Cupping seems to have recently exploded in popularity with pictures of circle hickies on a certain Olympic swimmer – everyone wondered what they were – then everyone wanted that same technique. I recently attended a seminar on myofascial cupping as the brochure piqued my interest.  I was the only licensed acupuncturist in the room – everyone else was a PT, a PTA or a massage therapist (the instructor was surprised there were no OT's or DO's in attendance).

Despite my initial skepticism, I was impressed with the program and the research discussed to validate the practice. The program began with a very good discussion on the history of cupping back through Eastern medicine and into its Ayurvedic roots. The instructor then came forward and talked about more modern research, and presented some great information on simply the physical effects of cupping.

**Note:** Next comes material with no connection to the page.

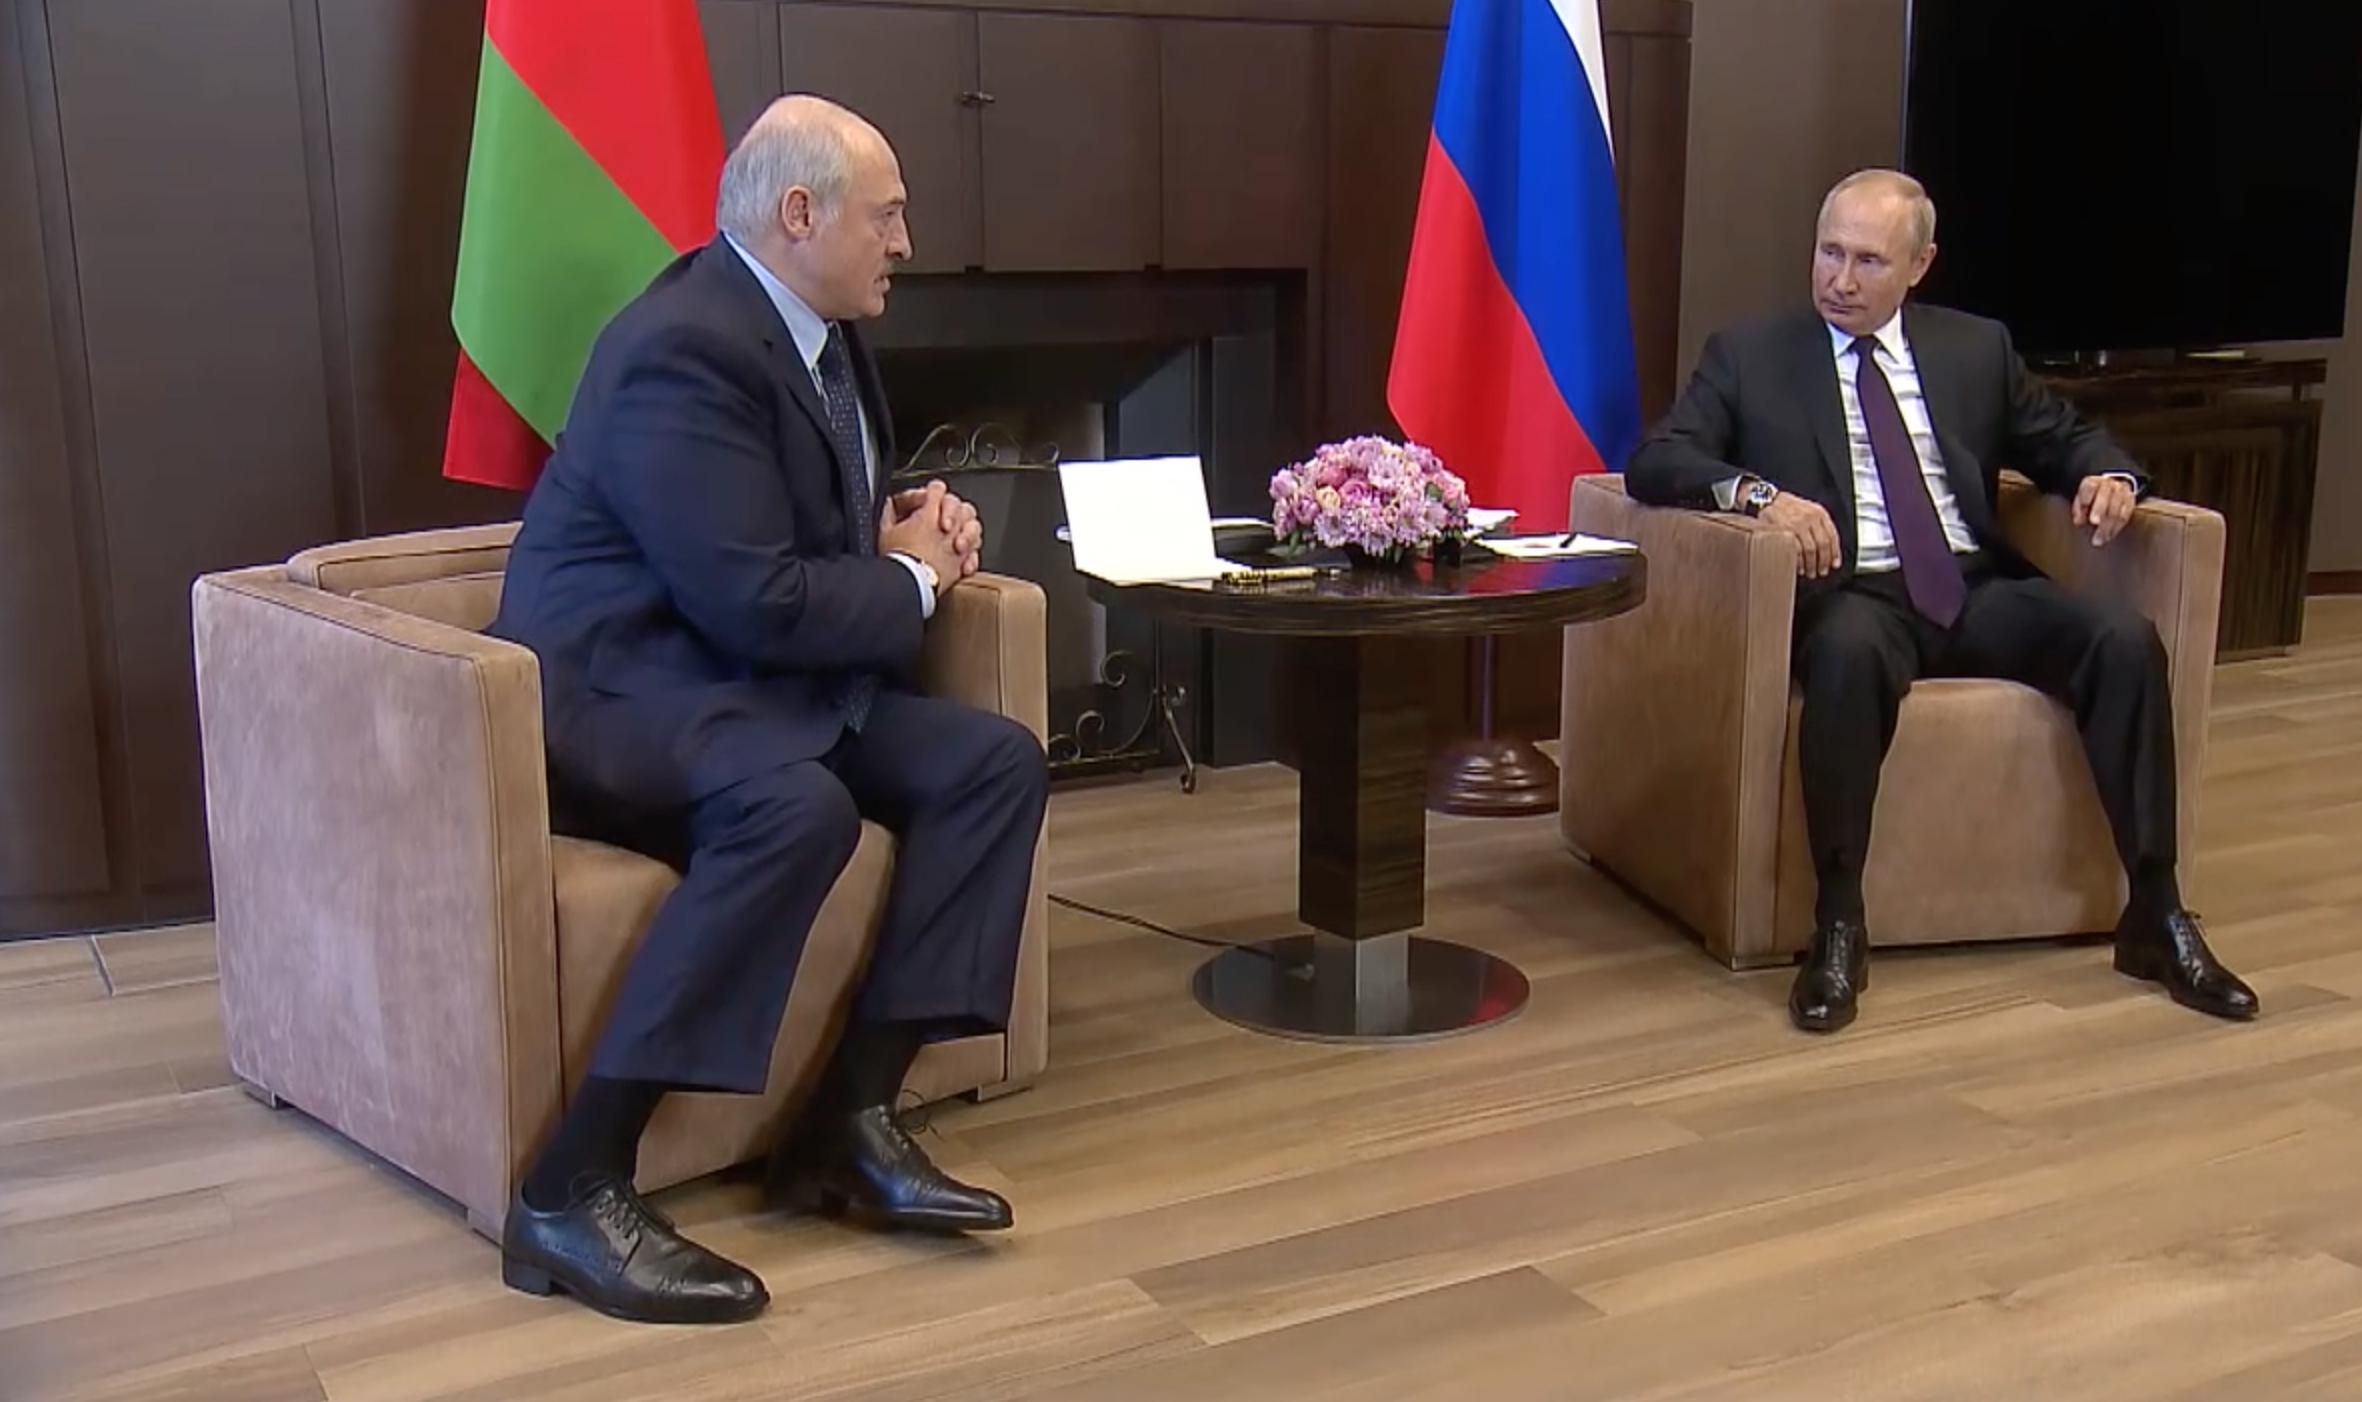 Лукашенко поскаржився Путіну на "жорстокі дії Польщі" біля кордону - новини Білорусь - 24 Канал

Modern science has recently defined the Interstitium as a separate and distinct organ – making it a larger organ than the skin. The interstitium is not just a dense layer of fibrous connective tissue, but is now understood to be a lattice of fluid channels. There are ligament fibers connecting the layers of skin to the interstitium to the underlying muscle. Imaging studies have shown that the decompressive effect of cupping can help to open and separate these layers, reducing congestion and increasing fluid dynamics in the tissues.  However, it was also (again) recognized that while some is good and promotes both healing neural and enzyme responses – too much suction on the tissues would actually cause trauma that again would be counter to the benefit of the therapy.

Cupping Tools

This program focused on using silicone cups to create a gentle draw on the tissues, but also to grab the tissues so that you could mobilize them to stretch and reduce adhesions that limited circulation of the interstitial fluid.  This was then combined with stretching, active movement, and exercise against resistance to further stabilize the area against recurring dysfunction and injury.

At the end of the day I was impressed. There is more application to cupping than using it to draw a few drops of blood after a plum-blossom or bladed needle stick. It was also discussed that this technique will not be beneficial for everyone – this application was specifically for addressing myofascial congestion and was used in tandem with other therapies for maximal benefit. Of course, we ended with a discussion on proper documentation:

  • What were the findings?
  • What was the rationale for using this modality?
  • What were the findings?
  • What area was treated? For how long? How was the cup manipulated?
  • What other modalities were used?
  • What was the patients' response?
  • What were the objective changes with the treatment?

There is no one single modality that will meet the needs of every patient.  Given your personal experiences, you may have developed strong preferences.  You may or may not like this-or-that technique; you may not wish to pursue some specialized therapy – including cupping. Make sure you are open minded enough to recognize when a patient may not be responding to your plan of care, and when you should be referring for co-management with a competent para-practitioner.

Patients are different, and individual patient needs are different, so every patient should be evaluated and treated on the grounds of what is best for that patient at that time. You should recommend what you feel to be the most appropriate care plan – regardless of what the insurance coverage is. If your care is limited by a plan contract, or by a patients' choice to only receive services covered by their plan, you are still obligated to share with them your recommendations, and document why those treatments are not being pursued.

Make sure you know and understand the benefits and limitations of the procedures you offer. Make sure your patients know that you are working to meet their needs. Be known for offering the highest level of patient care – don't settle for anything less.